RECORDED DATA:
== == ==

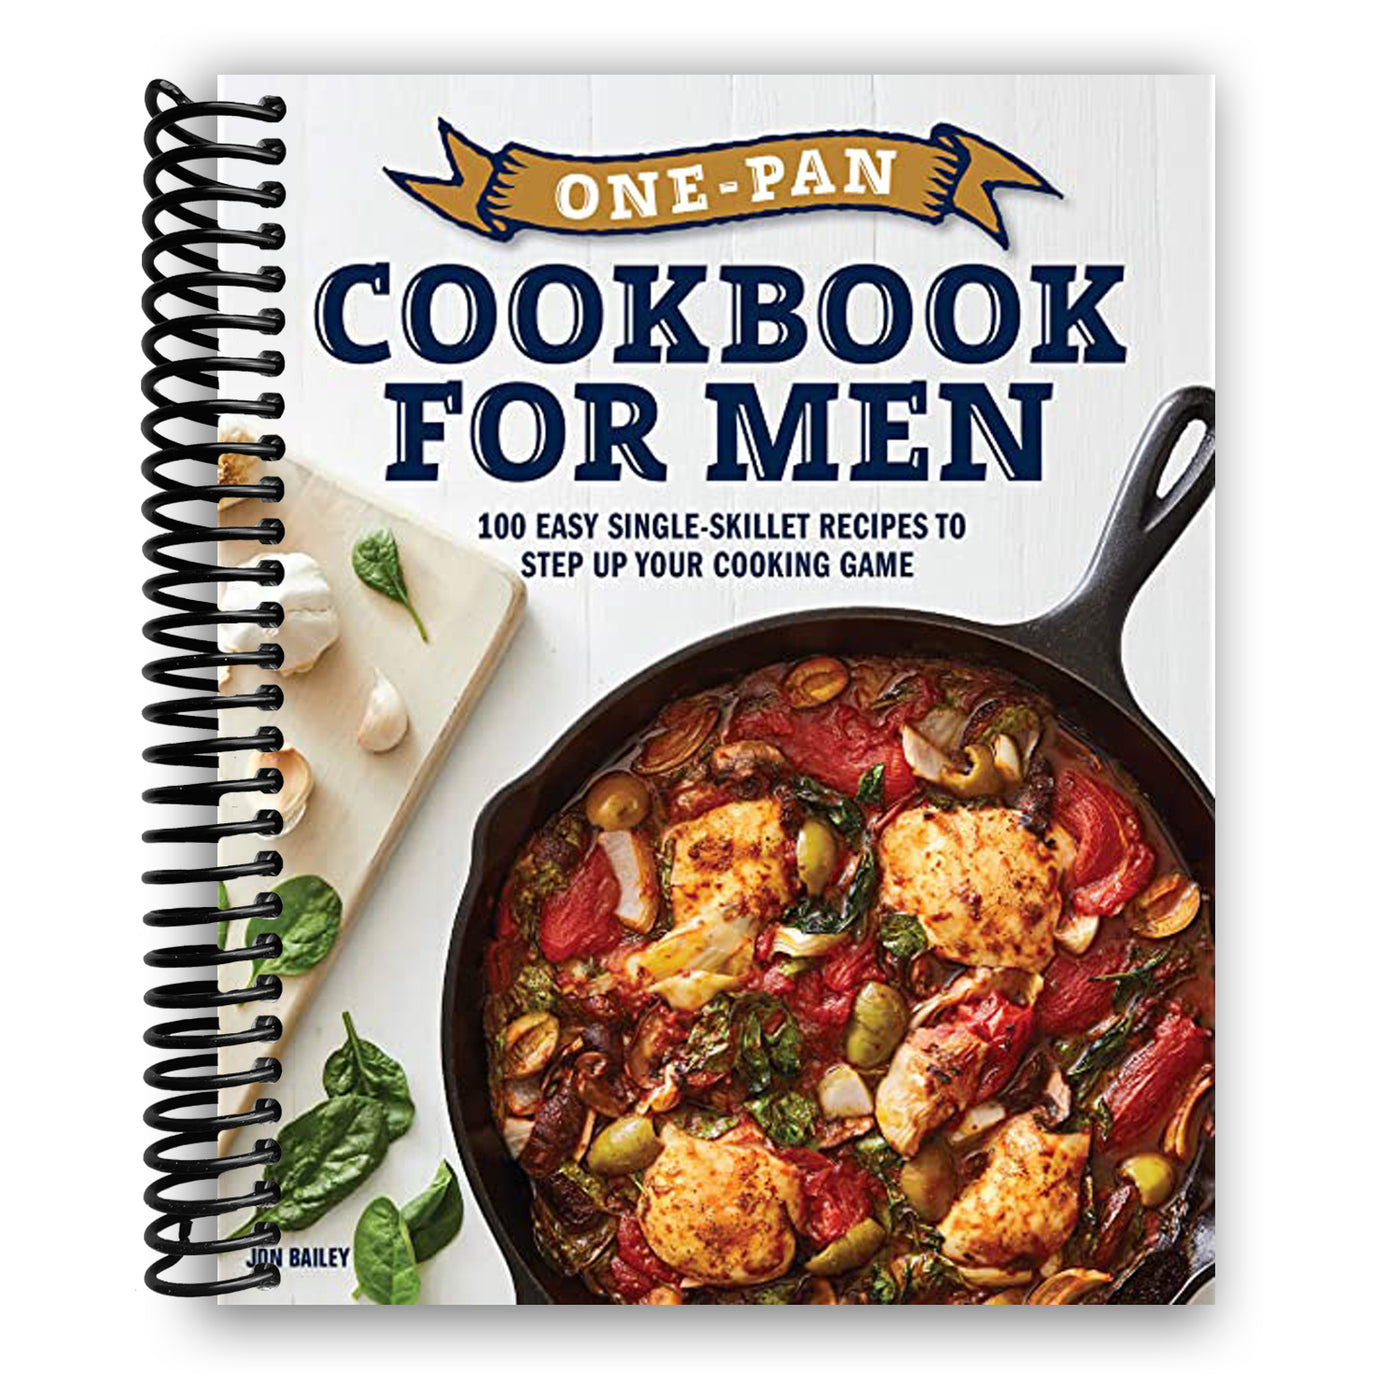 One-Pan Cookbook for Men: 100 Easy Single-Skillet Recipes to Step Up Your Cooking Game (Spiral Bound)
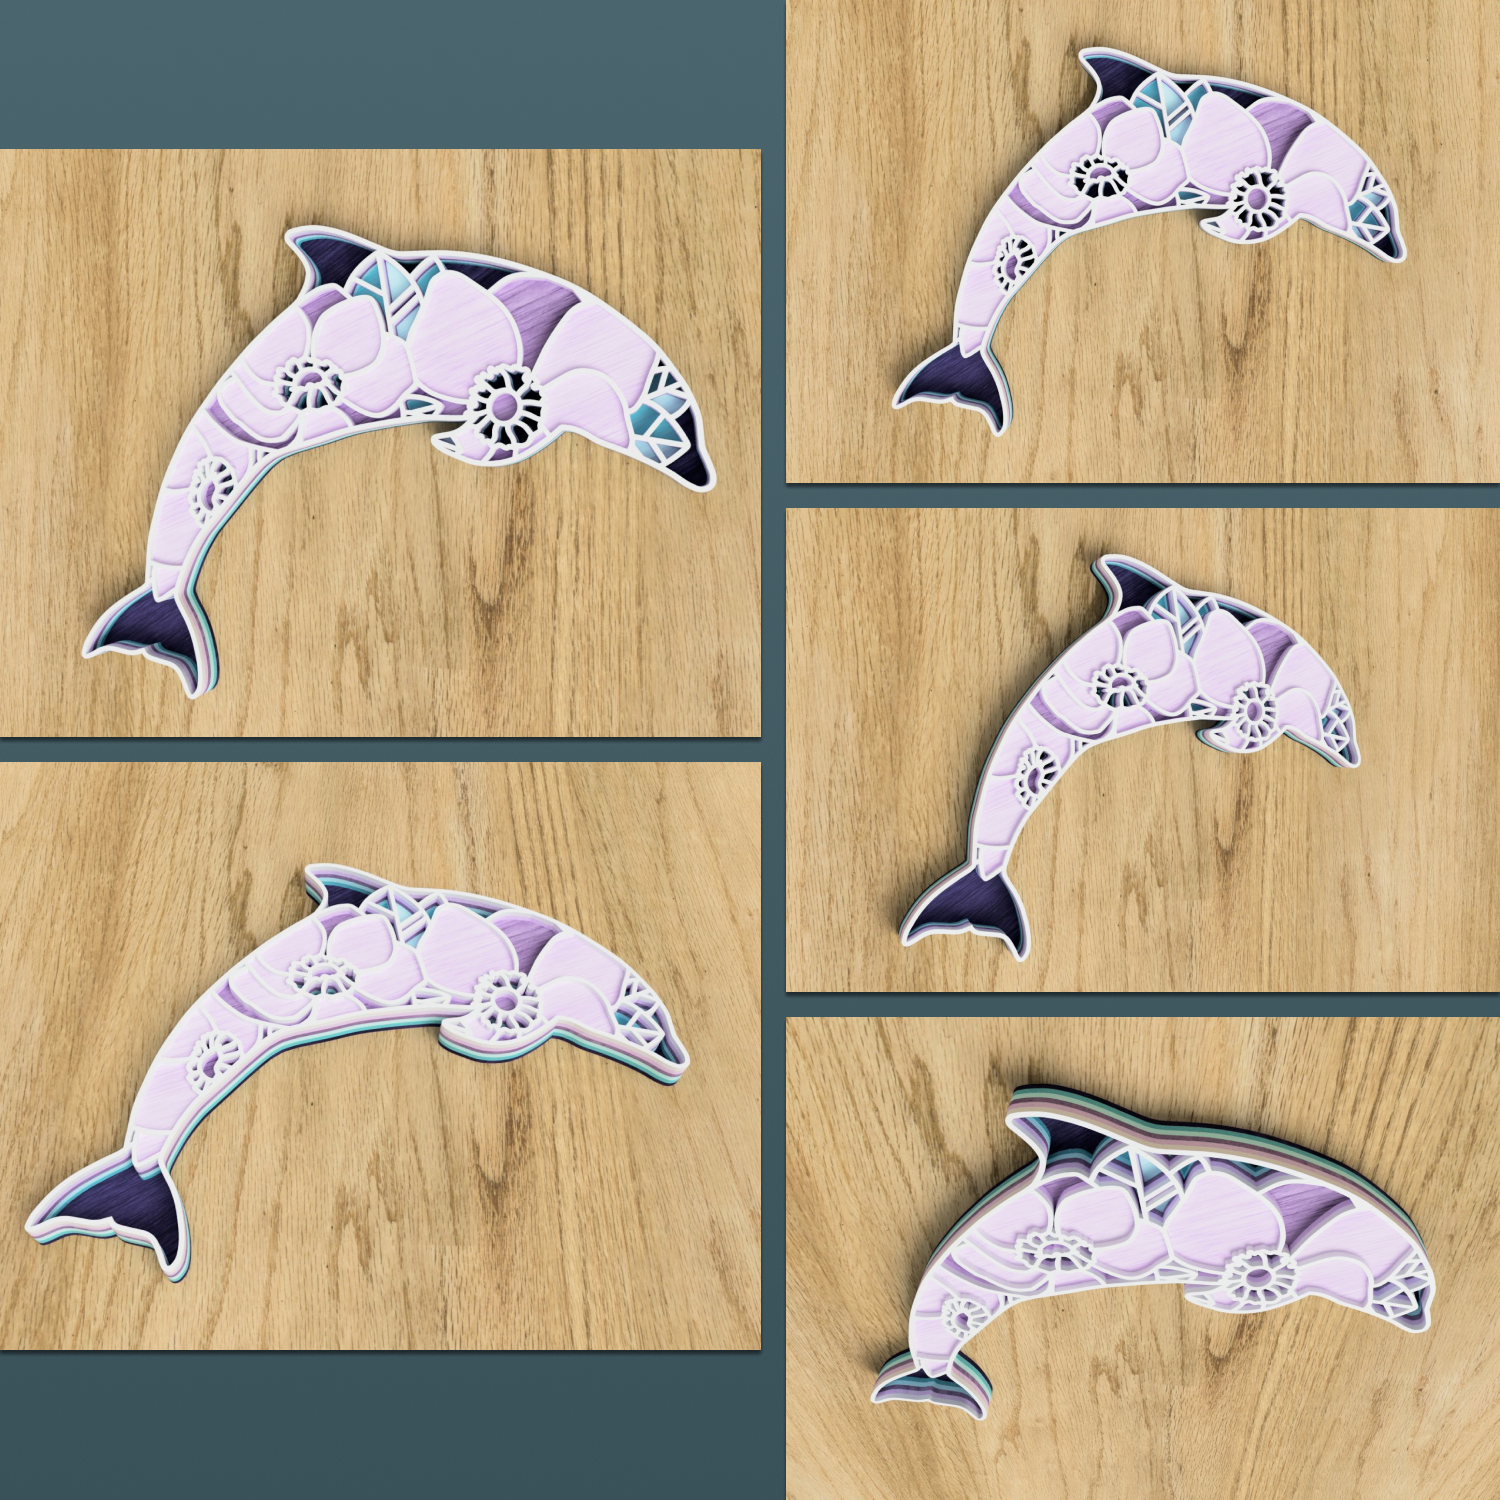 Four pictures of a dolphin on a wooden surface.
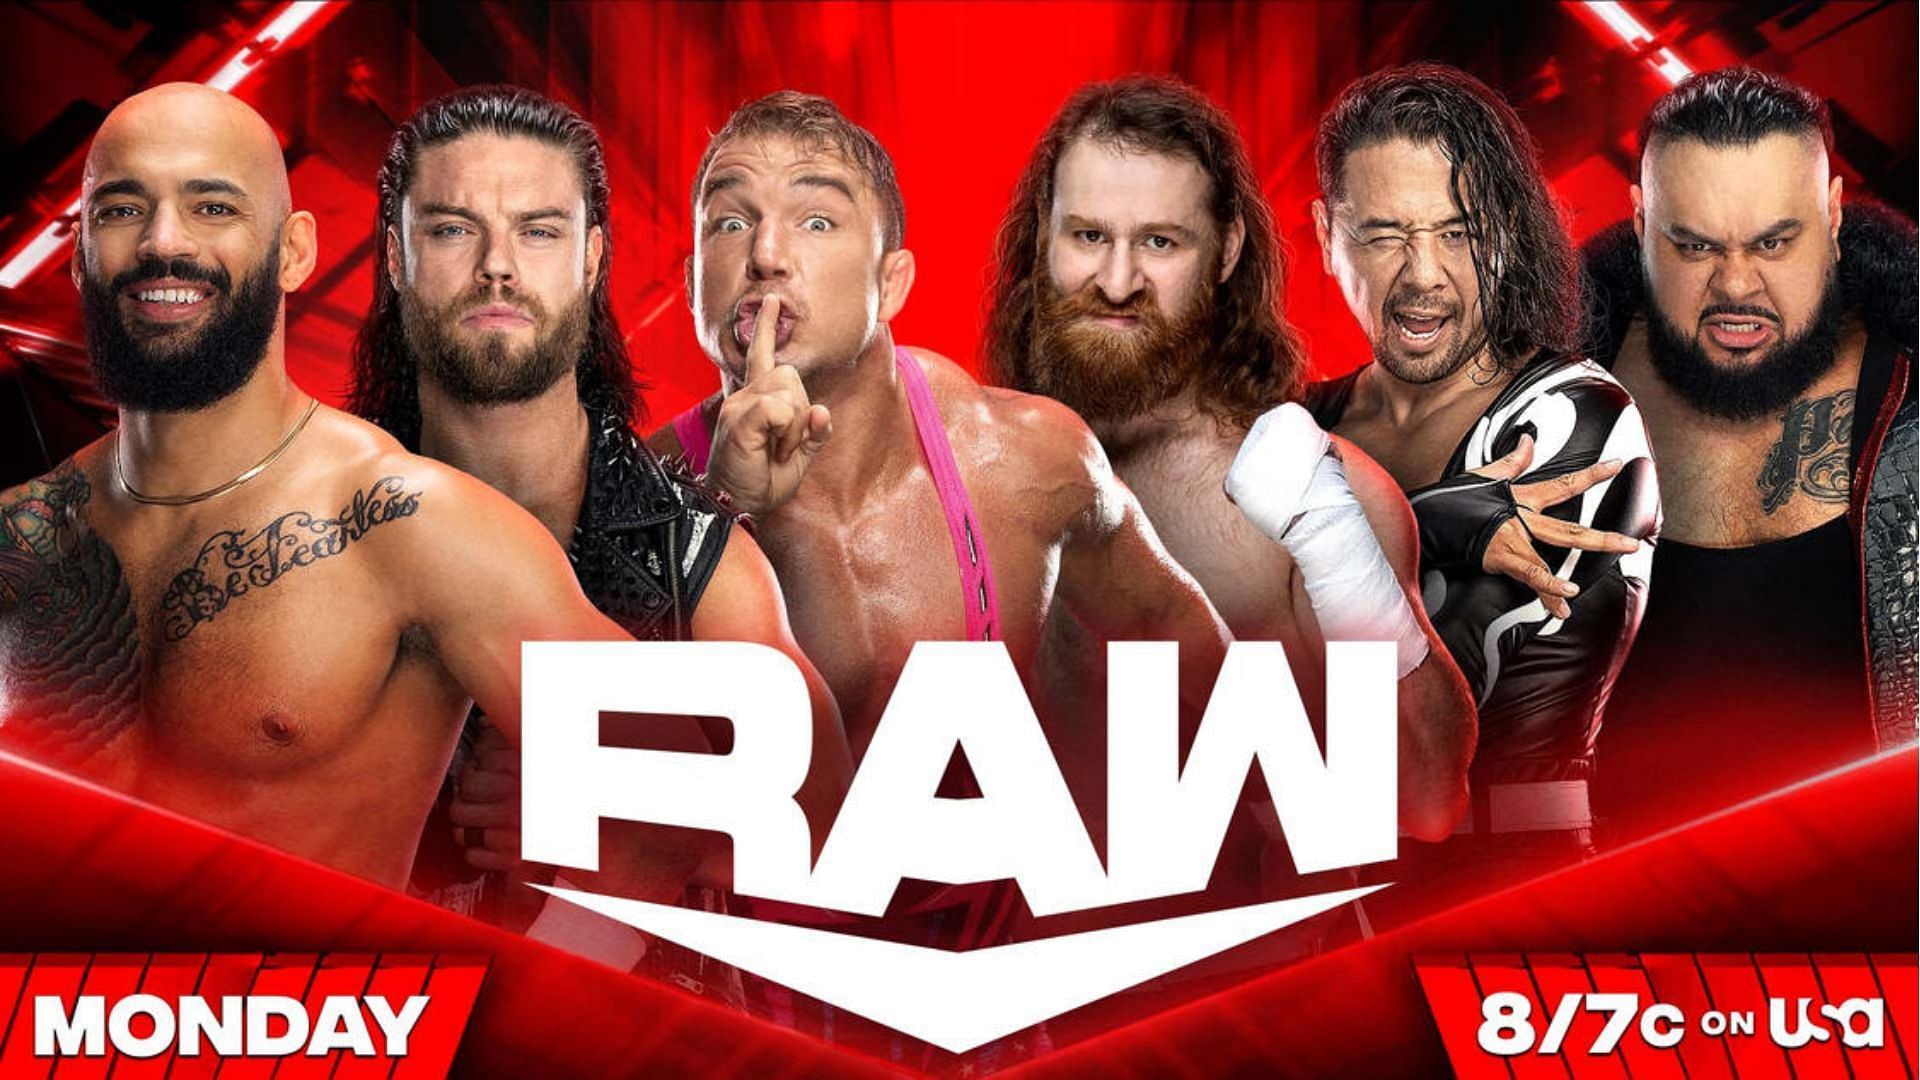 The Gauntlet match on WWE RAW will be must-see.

== == ==

The expected output is every line from the line where "Four pictures of" appears to the final line of the material, unchanged and with no pictures.

REPLY:
 Four pictures of a dolphin on a wooden surface.
 The Gauntlet match on WWE RAW will be must-see.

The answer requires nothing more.